Surgeon General Focuses on Supporting New Mothers and Their Babies
Jan 26, 2011
By Teresa Lim
The Surgeon General in the U.S. Department of Health and Human Services recently released a call to action on supporting new mothers who want to breastfeed their babies. The call to action identifies the challenges that new mothers face when attempting to breastfeed and highlights opportunities for communities, employers, health care professionals, and families to reduce these barriers.

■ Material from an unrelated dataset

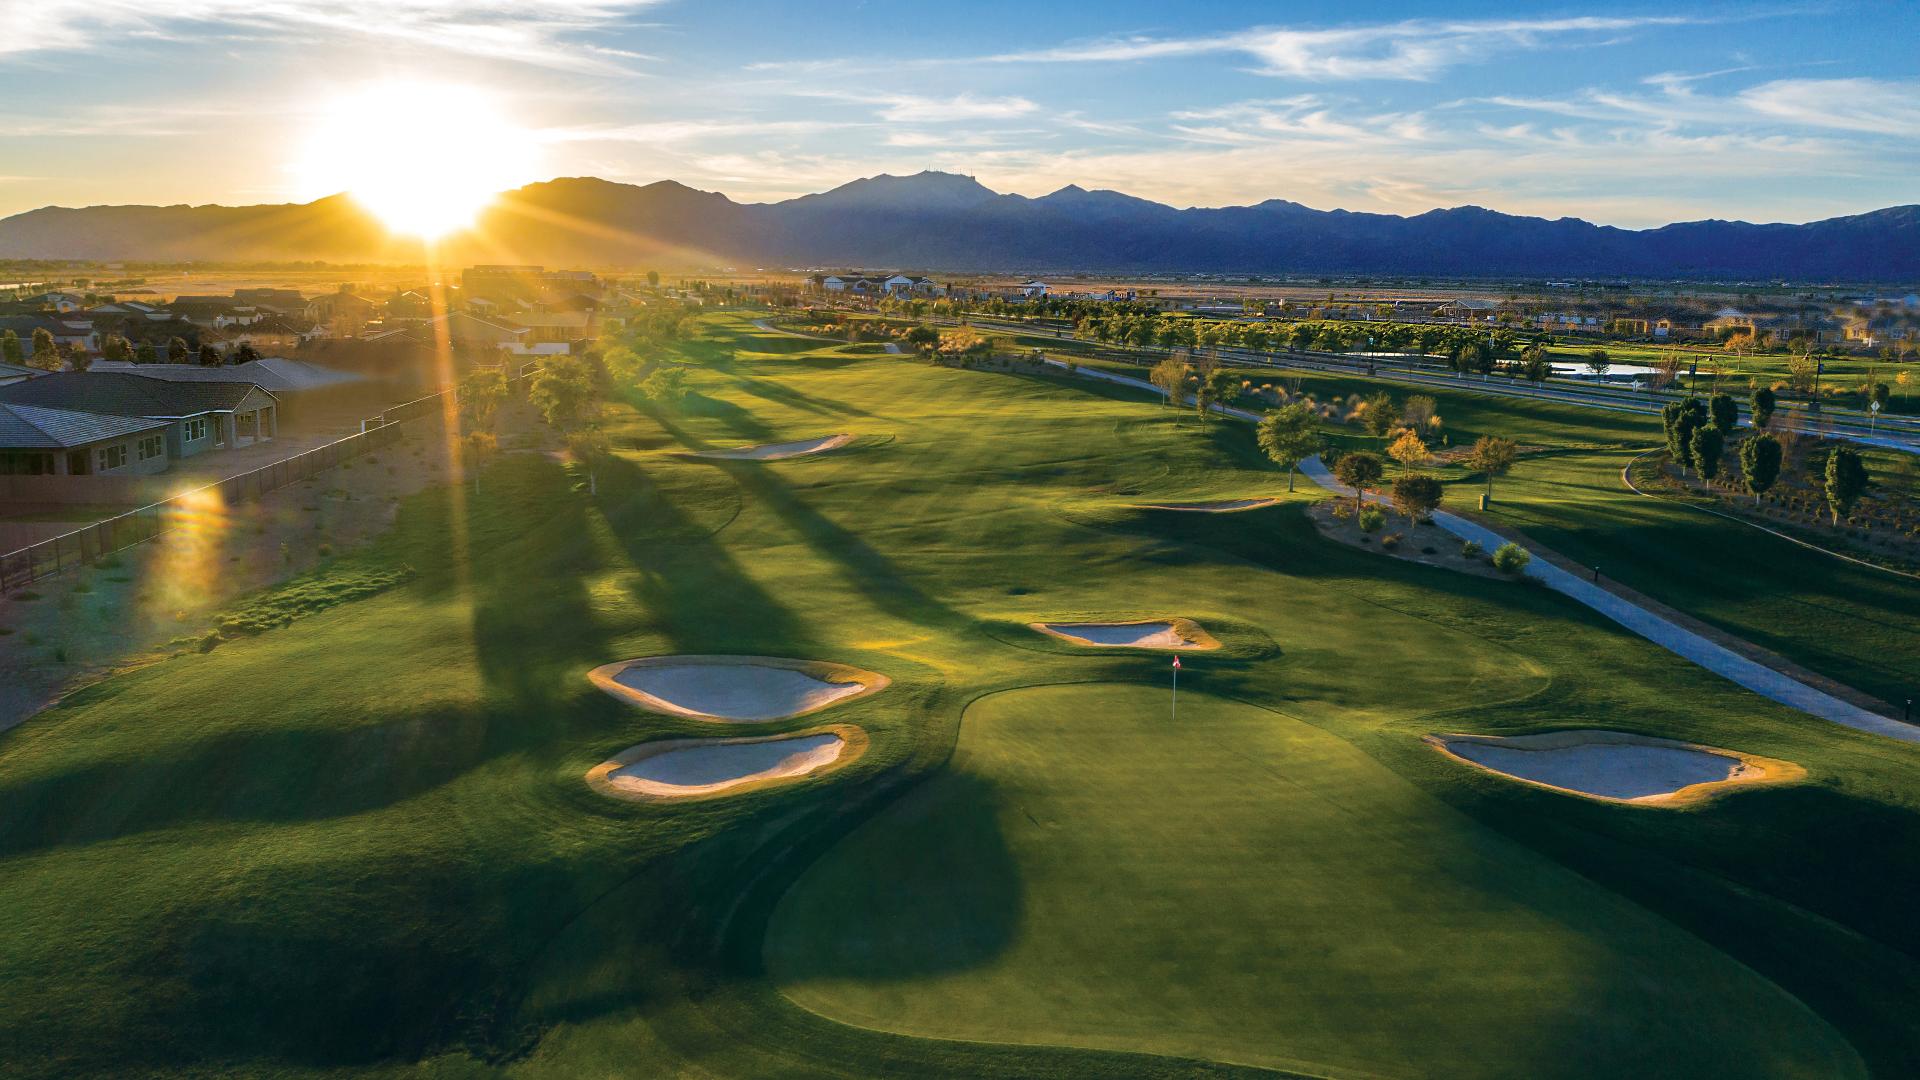 18-hole Nicklaus Design golf course with sweeping views of the White Tank Mountains
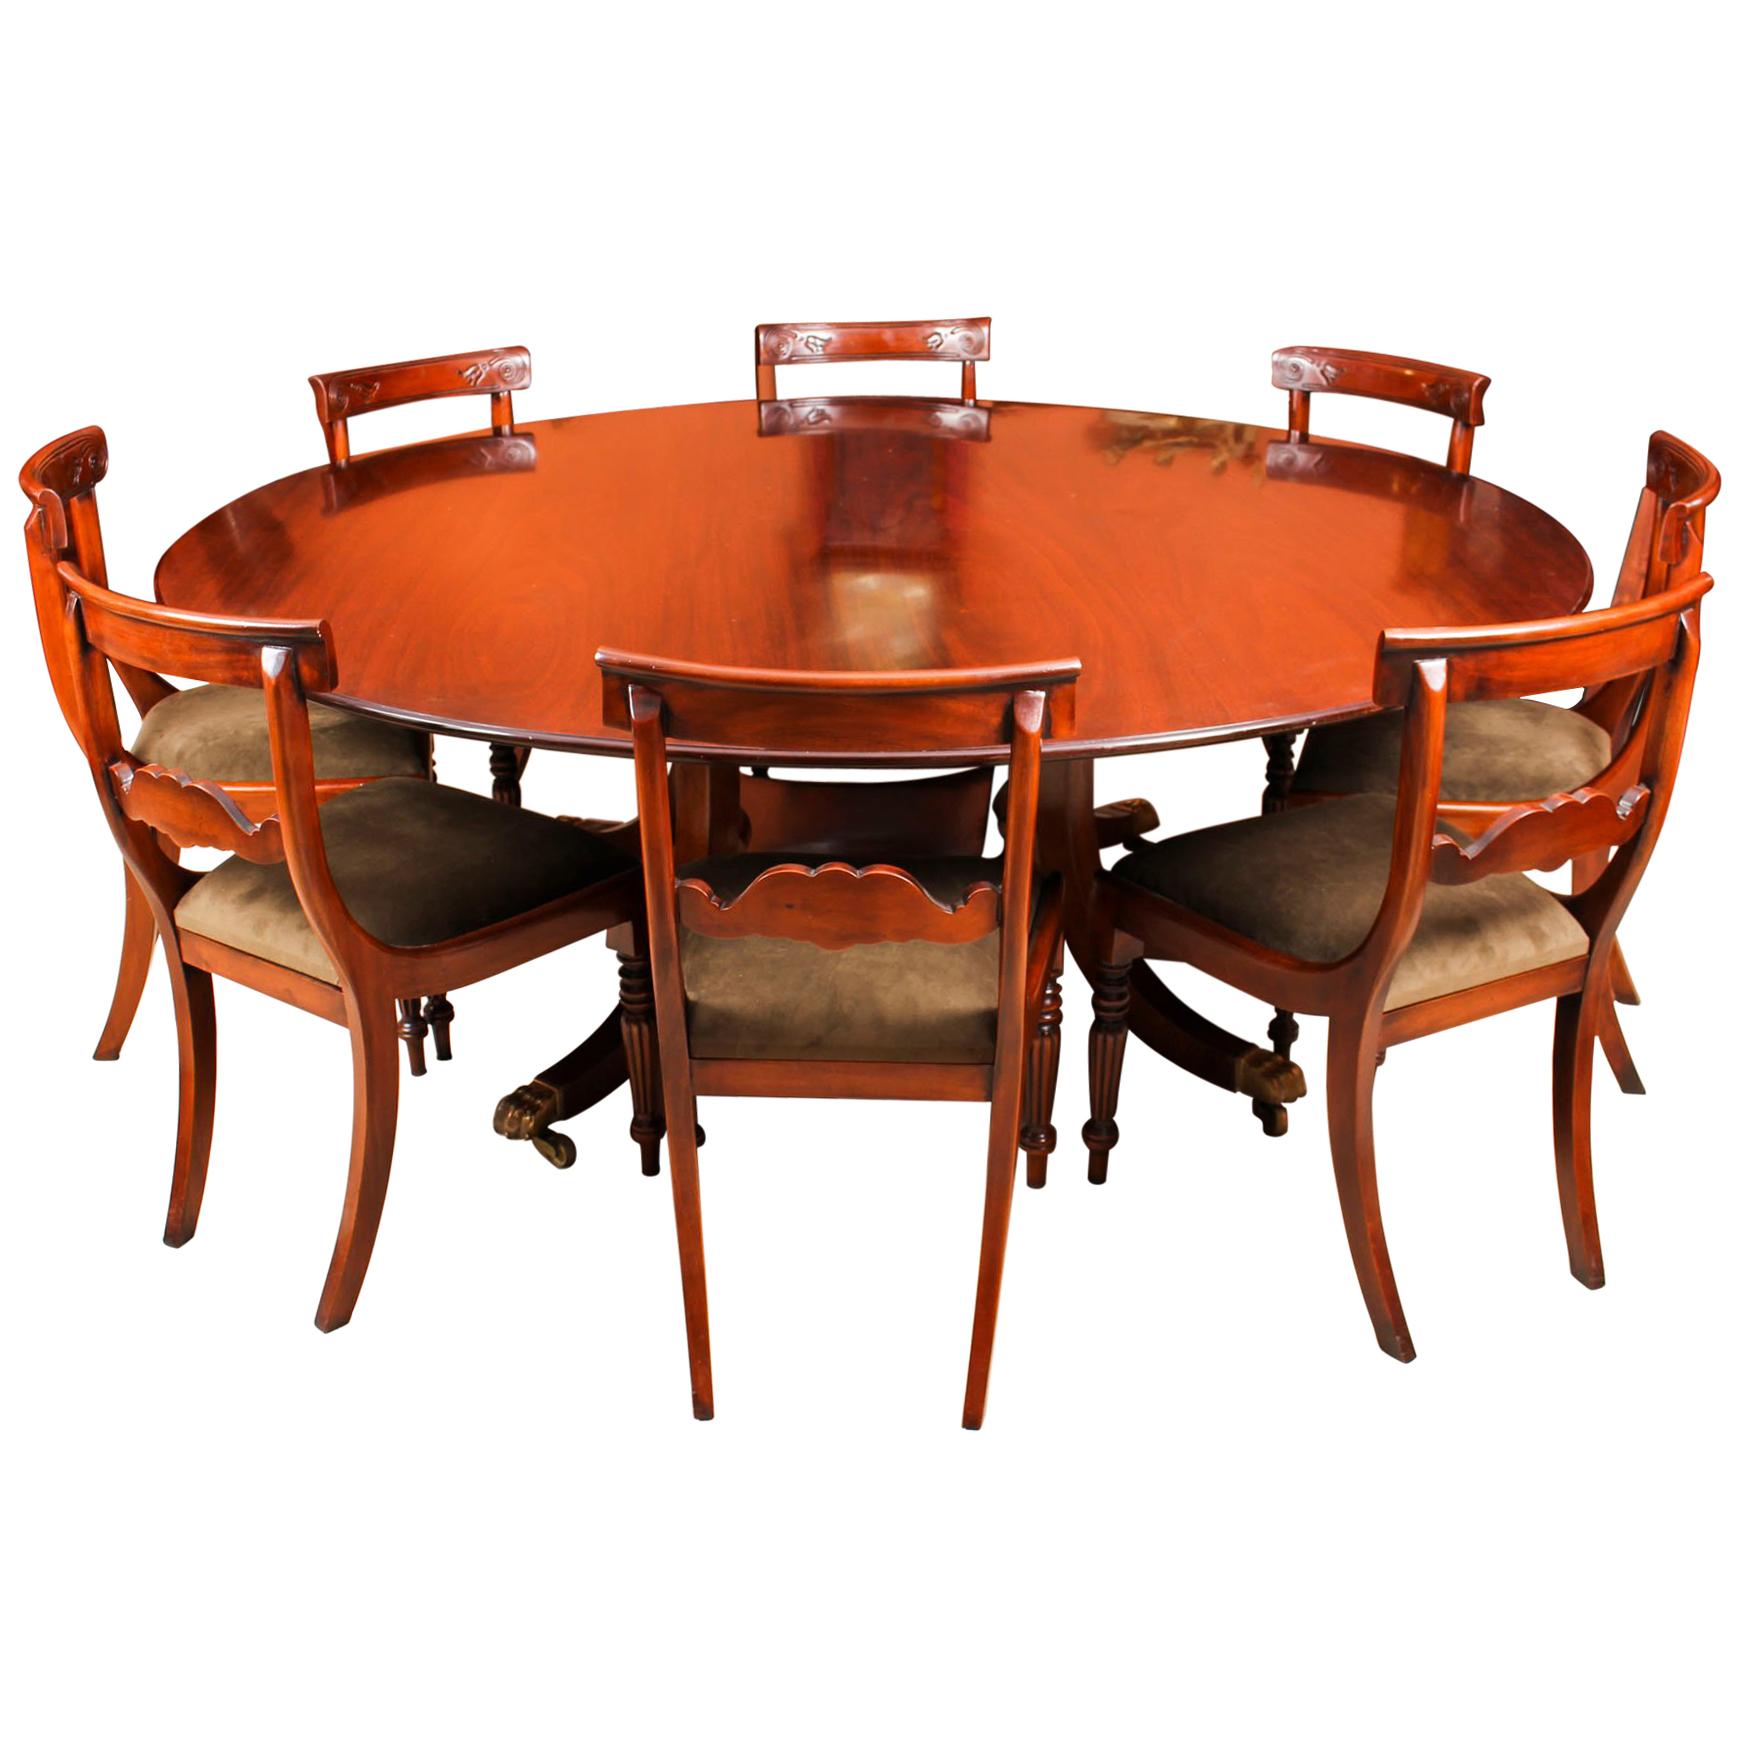 Vintage Round Table and 8 Bespoke Chairs William Tillman, 20th Century

The American Academy of Pediatrics, the Centers for Disease Control and Prevention (CDC), and other national health experts recommend that infants be breastfed exclusively for the first six months of life. This recommendation is based on research which shows that breastfeeding, particularly during the early months, has many health benefits to babies and their mothers.
Among the benefits, breastfed babies are less likely to catch illnesses and infections, such as diarrhea, ear infections, and pneumonia. In addition, they are less likely to develop asthma, while children who are breastfed for at least six months also have a reduced risk of childhood obesity. Mothers who breastfeed are at lower risk of breast and ovarian cancers.
States can take a variety of actions to help new mothers, such as providing guidance to child care programs that serve infants on creating supportive policies. Wisconsin, for example, has developed a resource kit that provides step-by-step assistance to child care centers on designing and implementing breastfeeding-friendly policies, training staff to be supportive, and creating comfortable spaces for mothers.
Healthy babies and mothers translate to significant cost-savings to the economy. In one study, researchers calculated that the U.S. would save $13 billion a year from reduced medical costs and other expenses if 90 percent of newborn babies were breastfed exclusively for the first six months.
According to CDC data, 75 percent of U.S. mothers start out breastfeeding. However, only 43 percent are still breastfeeding at the end of six months; 13 percent are exclusively breastfeeding. At the state level, breastfeeding rates range from 20 to 62 percent at the half-year mark. The CDC also finds that states vary in their level of support for new mothers and babies. Nearly all states (42 states) have breastfeeding coalitions with public websites, but only about a quarter (12 states) have child care center regulations that support breastfeeding.
Breastfeeding can help to ensure that babies have a strong and positive start in life. It is important that new mothers have the support and services they need to set their children on a healthy path.